Yes, you need enough vents & dialysis machines, & while there have been shortages, these shortages are not the rate limiting step at many hospitals at this point in the pandemic. Many (if not most) places will run out of ICU RNs well before they’ll run out of vents.
How do we balance these inequities? Some have suggested that academic hospitals just “do more.” Many larger centers have indeed taken transfers & shared supplies & equipment, but this only goes so far.
It’s important to first remember that it’s not “business as usual” at the large academic centers in LA. I’m on a text chain w/ ICU leadership at Cedars & LAC/USC & for a while it was a daily stream of “are you guys ok because you won’t believe how much crazier things got today.”
At my hospital, we’ve pulled in additional MD teams & turned non-ICU spaces into ICUs at various points. We’ve brought in transfers when we thought we could help. Do we stretch further & break nursing ratios? It creates more capacity but also inevitably decreases quality of care.

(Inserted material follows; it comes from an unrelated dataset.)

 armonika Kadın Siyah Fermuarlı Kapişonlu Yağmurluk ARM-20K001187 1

These are difficult & uncomfortable questions. If you’re only able to take more patients by compromising on something else that results in a reduction of quality of care & an increase in your hospital’s mortality, is it worth it?

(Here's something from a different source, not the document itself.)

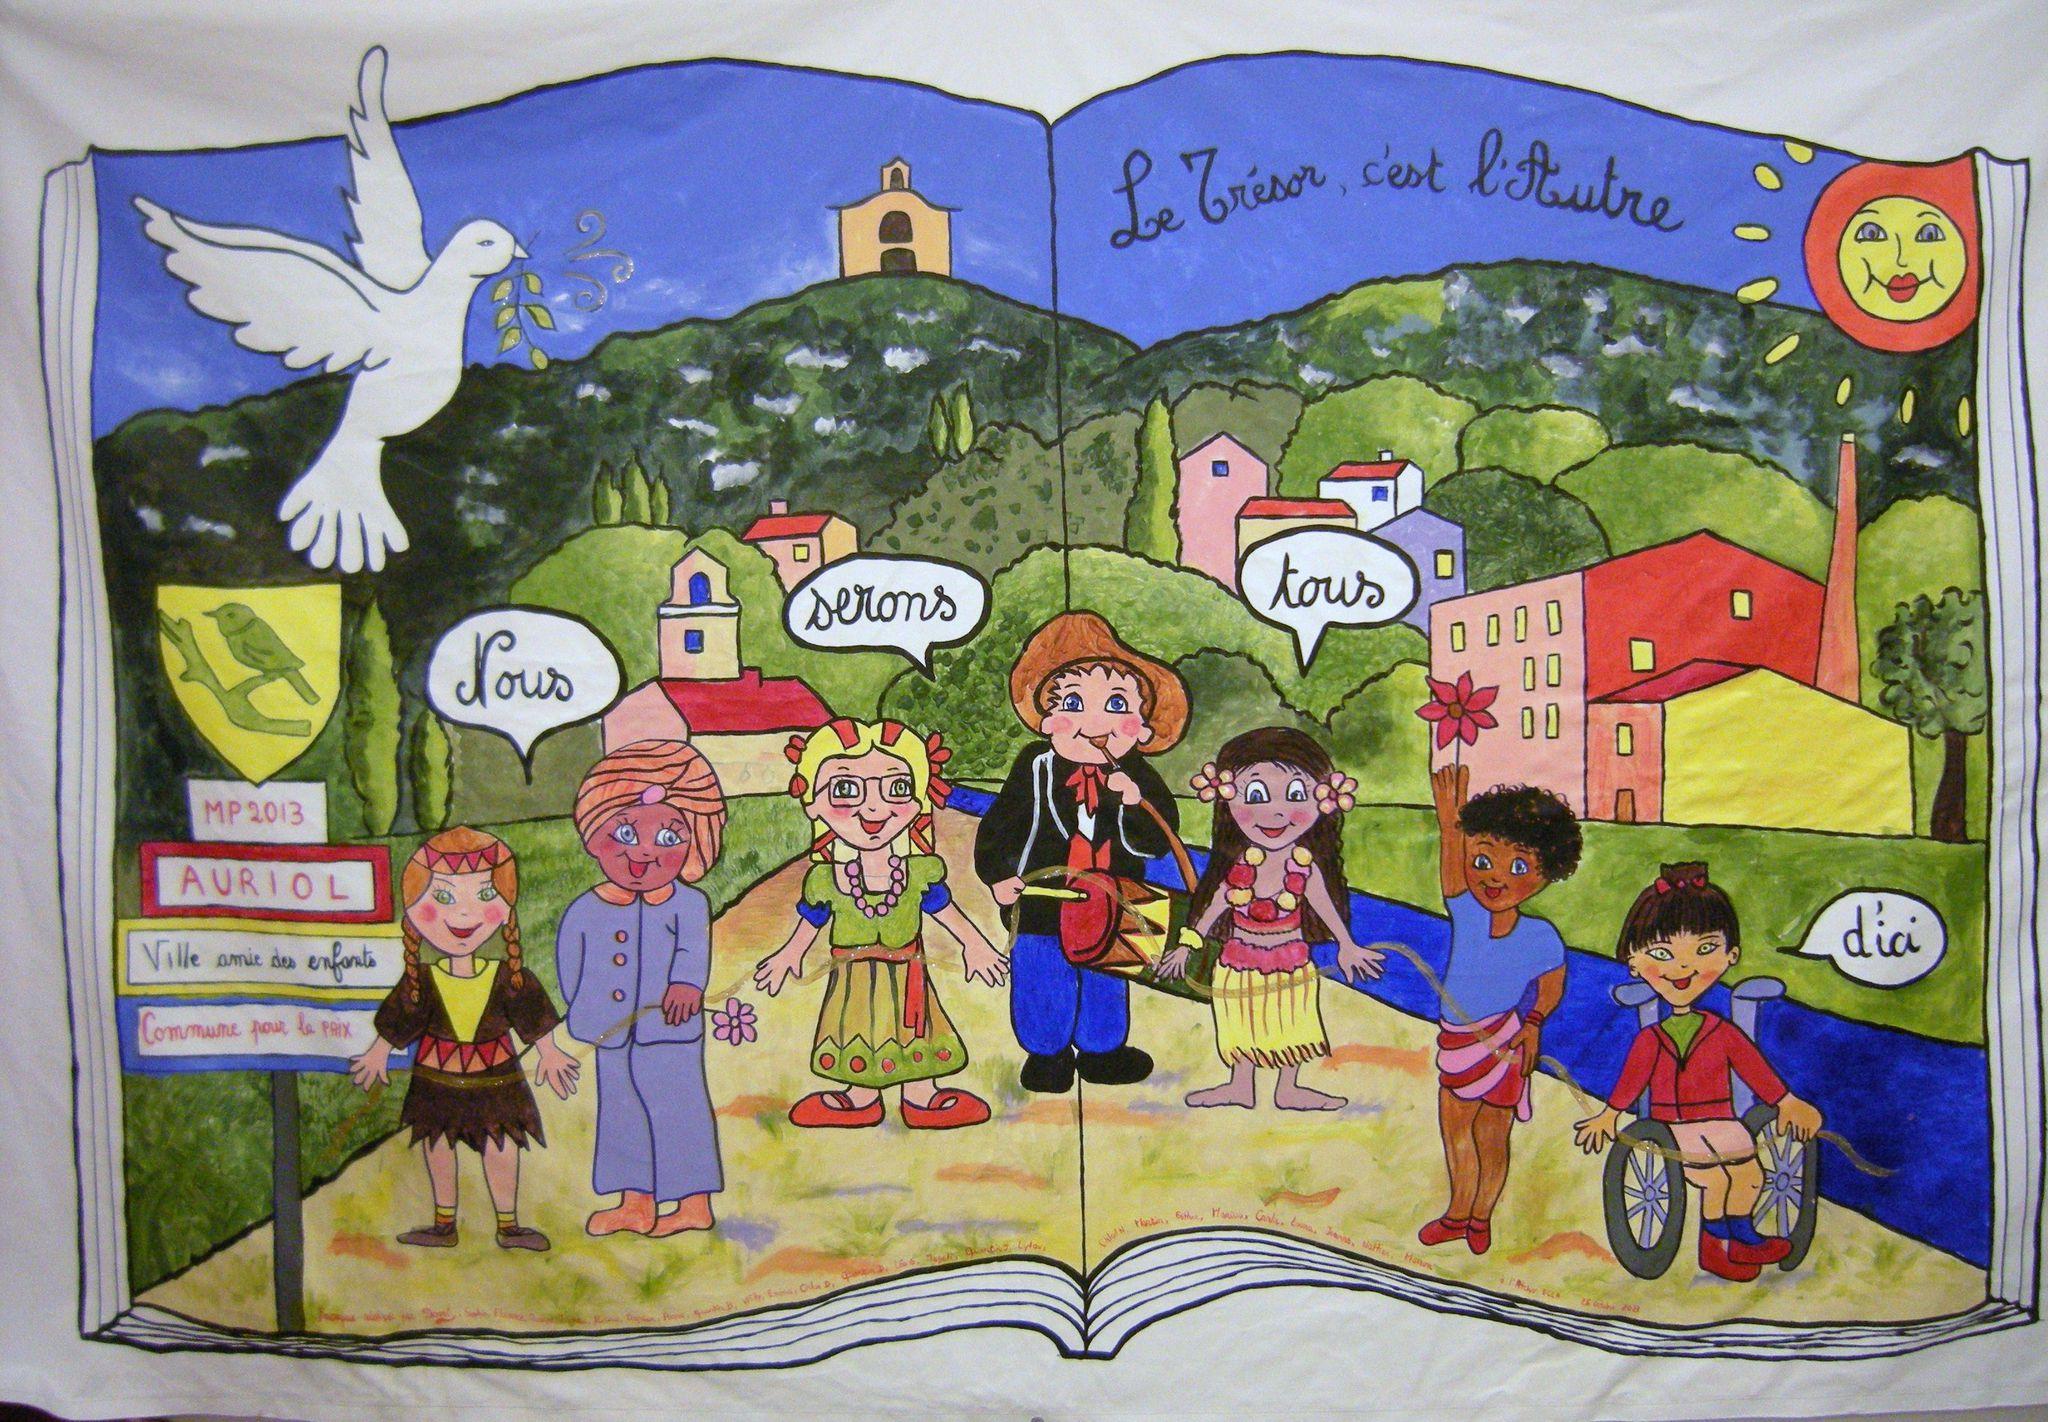 La grande fresque de la paix de la biblioth que d 39 auriol 13 domi dessins et peintures - Dessin sur la paix ...

Perhaps one could make an argument that it is, but then what amount of drop off is acceptable? Is it a 10% increase in mortality? 50%? What if the increase in your hospital’s mortality doesn’t translate into a similar decrease in the less well-resourced hospital’s mortality?
The issues of systemic racism & differences in patient demographics have also (appropriately) come up. Yes, the patient population at places like UCLA or Cedars is in general whiter & wealthier than at MLK. However, these differences decrease substantially when it comes to COVID.
Because the pandemic has disproportionally impacted the Black & LatinX communities, the majority of our hospitalized COVID patients are also non-white. So when you consider stretching academic centers to the point where you’re compromising patient care,
I don’t really see how that rectifies systemic racism, as some have suggested. It seems that this approach just takes things away from one set of Black and Brown people to give to another.
Another issue: what happens to patients without #COVID19 who need quaternary care that can’t be done at a community hospital? Transplants, VADs, ECMO, etc? It’s worth mentioning that 70% of organ transplant recipients in CA for the last 2 years were non-white.
These patients already comprise a very vulnerable group because they are limited in where they can receive care. Decisions about increasing capacity due to the pandemic impacts these patients too & can compromise our ability to care for them.
Ultimately, there is no doubt that the MLKs of the world deserve relief and more resources. But making that happen is not as easy as saying “why don’t academic hospitals just help more” in a setting where resources overall are limited.
The bottom line is that, overall, we need to have the ability to create more ICU capacity, with adequate staffing, than we have done so far. Resources need to be increased rather than simply redistributed. Not all hospitals in LA are broken right now, but all are stretched.
Federal & state investments in emergency preparedness & increasing the number of ICU-trained clinicians in the US will go a lot further than spreading all hospitals more thin than they ever should be. Asking already stretched hospitals to just “do more” is not a viable solution.